[Stored entries]
┄┄┄┄┄┄┄┄┄┄

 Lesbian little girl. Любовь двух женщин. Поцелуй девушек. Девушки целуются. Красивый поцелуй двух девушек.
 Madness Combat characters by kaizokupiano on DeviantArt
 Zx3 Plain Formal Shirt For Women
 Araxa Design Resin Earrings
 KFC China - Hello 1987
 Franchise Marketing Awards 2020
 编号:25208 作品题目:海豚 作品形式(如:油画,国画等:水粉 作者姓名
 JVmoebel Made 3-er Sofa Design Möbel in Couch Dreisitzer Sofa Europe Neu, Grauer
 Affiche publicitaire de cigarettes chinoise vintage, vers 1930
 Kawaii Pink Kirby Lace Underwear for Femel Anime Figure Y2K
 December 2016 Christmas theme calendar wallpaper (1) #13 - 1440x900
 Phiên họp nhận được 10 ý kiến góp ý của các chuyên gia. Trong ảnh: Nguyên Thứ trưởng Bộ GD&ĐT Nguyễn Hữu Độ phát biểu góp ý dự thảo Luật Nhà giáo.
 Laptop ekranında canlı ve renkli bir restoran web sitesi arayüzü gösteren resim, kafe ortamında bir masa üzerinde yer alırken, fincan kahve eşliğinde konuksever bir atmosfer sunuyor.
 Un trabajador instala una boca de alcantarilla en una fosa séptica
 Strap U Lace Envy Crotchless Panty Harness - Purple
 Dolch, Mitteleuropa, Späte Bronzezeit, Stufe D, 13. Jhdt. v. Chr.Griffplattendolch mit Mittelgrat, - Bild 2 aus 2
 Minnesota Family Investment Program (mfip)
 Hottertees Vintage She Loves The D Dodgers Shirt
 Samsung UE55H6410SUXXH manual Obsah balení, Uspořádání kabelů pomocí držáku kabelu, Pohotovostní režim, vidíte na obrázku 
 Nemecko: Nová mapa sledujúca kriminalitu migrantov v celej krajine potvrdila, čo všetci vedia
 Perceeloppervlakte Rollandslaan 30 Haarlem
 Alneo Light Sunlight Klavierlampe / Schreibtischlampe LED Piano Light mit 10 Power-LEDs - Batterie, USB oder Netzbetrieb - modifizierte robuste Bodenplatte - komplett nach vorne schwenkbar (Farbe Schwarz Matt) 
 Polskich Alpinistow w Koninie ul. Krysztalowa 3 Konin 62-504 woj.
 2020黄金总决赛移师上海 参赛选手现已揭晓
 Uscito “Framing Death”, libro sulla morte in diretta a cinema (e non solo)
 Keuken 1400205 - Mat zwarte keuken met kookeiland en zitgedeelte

┄┄┄┄┄┄┄┄┄┄

From the records above, transcribe exactly the run of lines that opens with the line holding "Kawaii Pink Kirby" and closes with the line holding "Perceeloppervlakte Rollandslaan 30 Haarlem", both included.

 Kawaii Pink Kirby Lace Underwear for Femel Anime Figure Y2K
 December 2016 Christmas theme calendar wallpaper (1) #13 - 1440x900
 Phiên họp nhận được 10 ý kiến góp ý của các chuyên gia. Trong ảnh: Nguyên Thứ trưởng Bộ GD&ĐT Nguyễn Hữu Độ phát biểu góp ý dự thảo Luật Nhà giáo.
 Laptop ekranında canlı ve renkli bir restoran web sitesi arayüzü gösteren resim, kafe ortamında bir masa üzerinde yer alırken, fincan kahve eşliğinde konuksever bir atmosfer sunuyor.
 Un trabajador instala una boca de alcantarilla en una fosa séptica
 Strap U Lace Envy Crotchless Panty Harness - Purple
 Dolch, Mitteleuropa, Späte Bronzezeit, Stufe D, 13. Jhdt. v. Chr.Griffplattendolch mit Mittelgrat, - Bild 2 aus 2
 Minnesota Family Investment Program (mfip)
 Hottertees Vintage She Loves The D Dodgers Shirt
 Samsung UE55H6410SUXXH manual Obsah balení, Uspořádání kabelů pomocí držáku kabelu, Pohotovostní režim, vidíte na obrázku 
 Nemecko: Nová mapa sledujúca kriminalitu migrantov v celej krajine potvrdila, čo všetci vedia
 Perceeloppervlakte Rollandslaan 30 Haarlem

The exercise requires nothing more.